Uncertainty and risk • In public sector economic analyses we tend to minimize the impact of risk, and often use the rate of return on public bonds (a relatively risk free investment) and the source. In contrast, the private sector sees investment in infrastructure as a high risk activity and so looks for a high rate of return. • The estimates that I have been given range upward of 20% for a medium-risk project. Potential investors in a large private sector bridge project said thy would be looking for rates of return in excess of 22% • One interpretation of the financial results of a large international investor in toll roads (Macquarie Infrastructure) shows a rate of return on investment of nearly 30%.

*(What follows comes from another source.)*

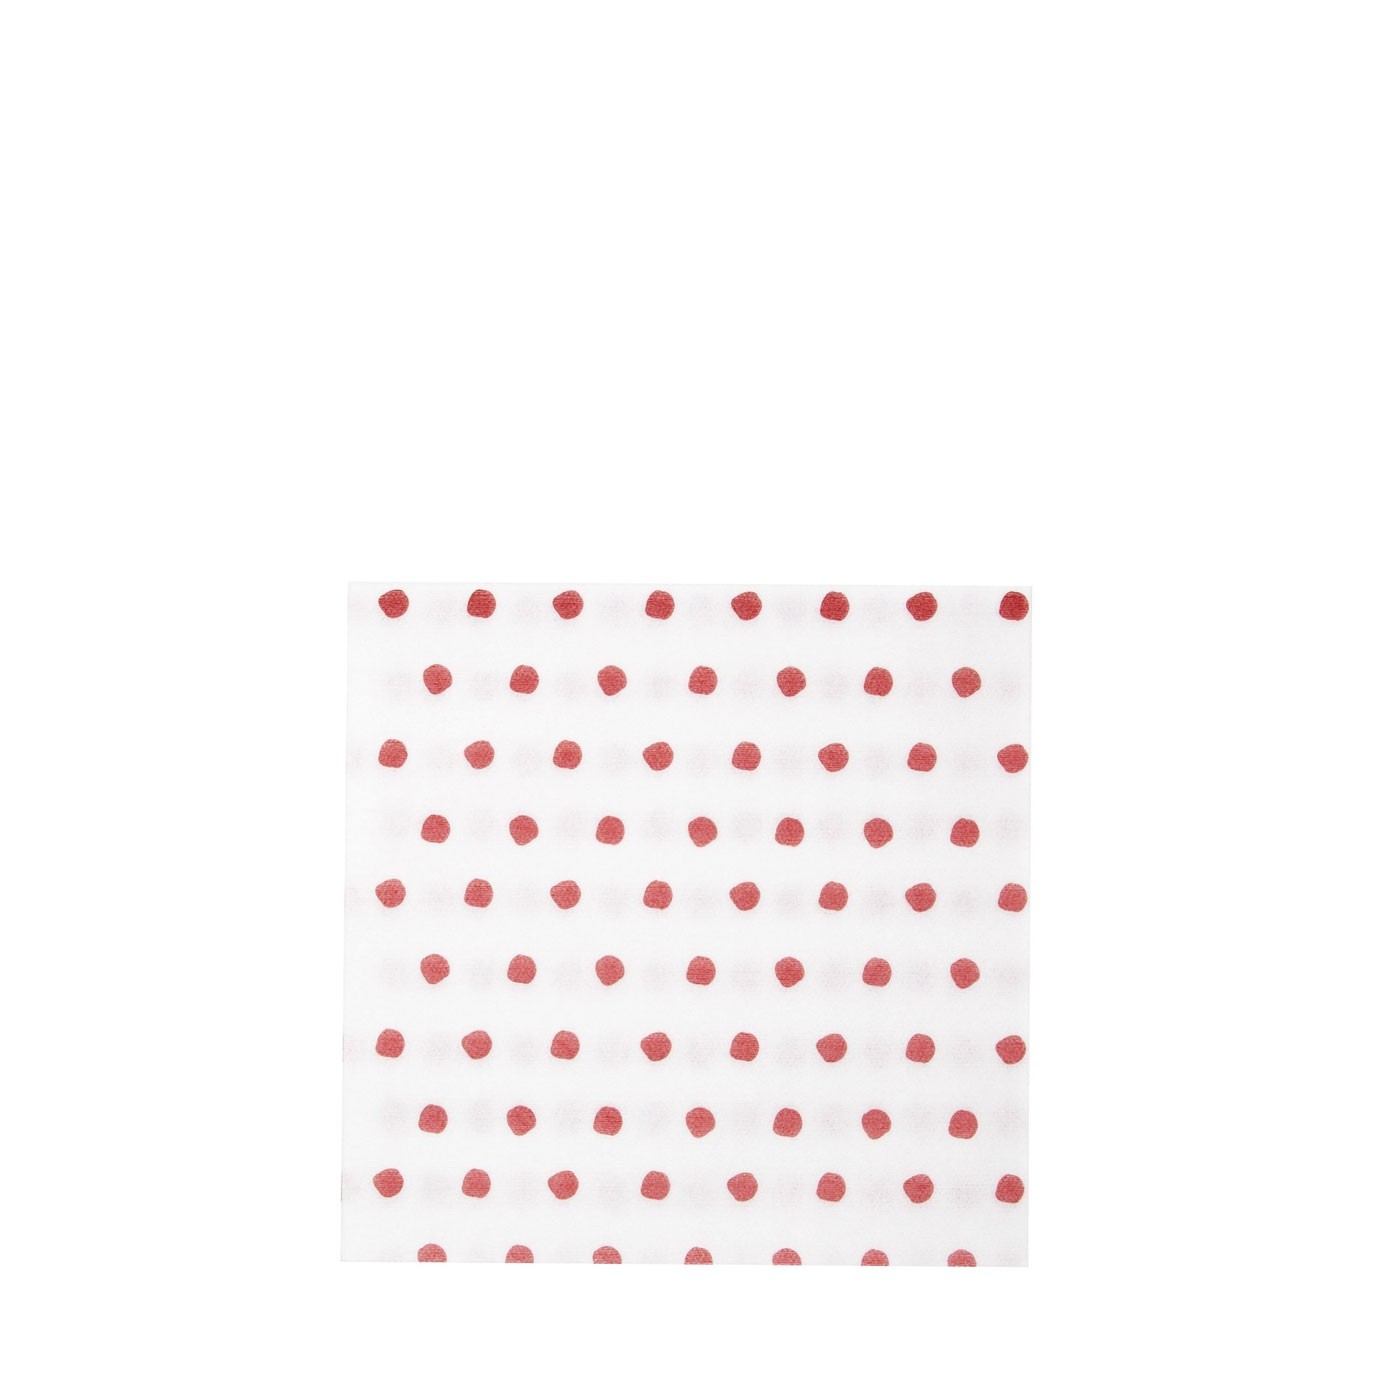 Papersoft Red Dots Cocktail Napkins - Vietri | Eataly.com

Inflation • One main difference between economic and financial analyses is that the former are usually made in constant monetary terms (disregarding inflation) whereas the latter are in current monetary units (taking account of inflation). • We do not include inflation allowances in our economic evaluations, and current rates of inflation are low by the standards of the last twenty years. But an allowance of 3% would reduce the private sector rate of return by the same amount and bring it closer to our 12%
Asset values • Private investors typically revalue their assets every year. While this can improve many of their financial indicators, it does not help the rate of return on the value of current assets. In our economic evaluations we typically do not take account of any change in the value of assets, whether due to inflation or market revaluations.

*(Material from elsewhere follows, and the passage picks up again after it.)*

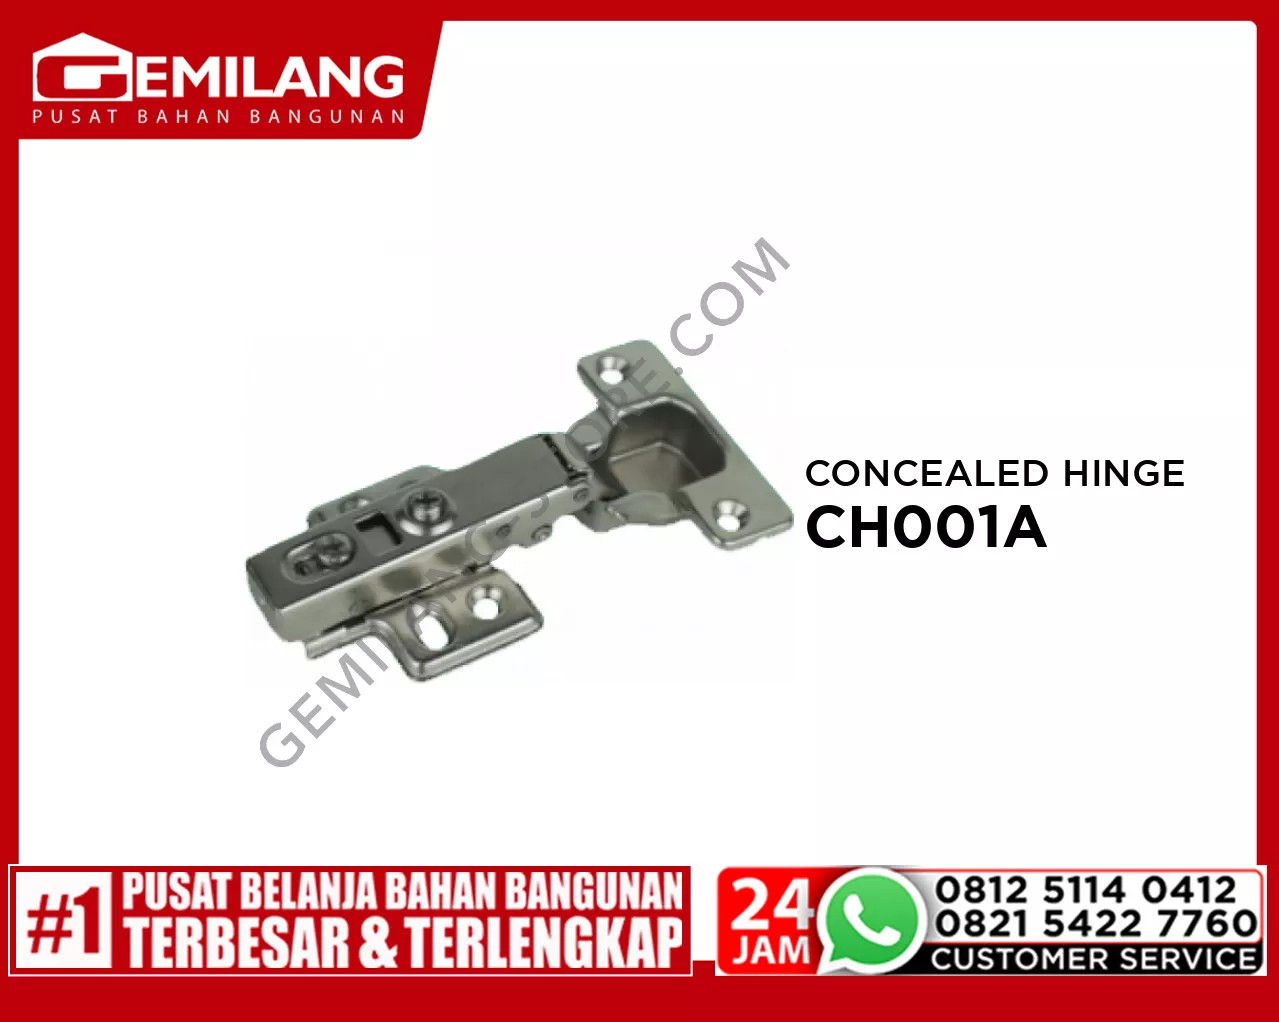 CONCEALED HINGE WITH MOUNTING PLATE CH001A CR 0 BASIC NK STEEL

ADB method • Despite these problems, the Asian Development Bank provides a method and example of how to calculate the opportunity cost of capital • See http://www.adb.org/Documents/Guidelines/Eco_Analysis/appendix20.asp
Impacts of using a high discount rate • There is a tendency to select projects that have short term benefits over those with longer term benefits. This favors: • Marginal additions to existing capacity over building new capacity (roads, ports etc) • Bus systems over metro systems • Gravel roads over paved roads • Staged construction over single stage construction • Diesel over electric rail technology
Discount rate as minimum acceptable rate of return • In many projects, we use a minimum cut off rate for consideration of sub-projects. This rate is typically 12%, presumably derived from the discount rate. • By using a different cut-off rate, and a multiple criteria evaluation method, we would include consideration of alternatives that would otherwise be rejected.
Suggestion: Use the MERR instead of ERR • Make use of Modified Economic Rate of Return. This allows different discount rates to be used for the opportunity cost of capital and for the users’ time preference rate. • In Excel it is necessary to use both the time stream of investment costs and of gross net benefits (including maintenance and operating costs as well as user and operator benefits) • MIRR = (values, finance rate, reinvest rate) • Values is the range of values for which a Economic Rate of Return is required. Finance rate is the opportunity cost of capital. This is applied to all the input values for capital investment. Reinvest rate is the time preference rate for benefits and is applied to all the flows of benefits less maintenance and operating costs.
Suggestion: Short and Long term • In the short term, for projects where there is a choice between short and long term solutions, undertake a sensitivity test on the NPV using 8% (going to 10% makes little difference); • In the longer term, re-open the issue of the discount rate used in World Bank projects • Try to reopen the issue with other sectors in the Bank to regain the consistency we thought we used to have.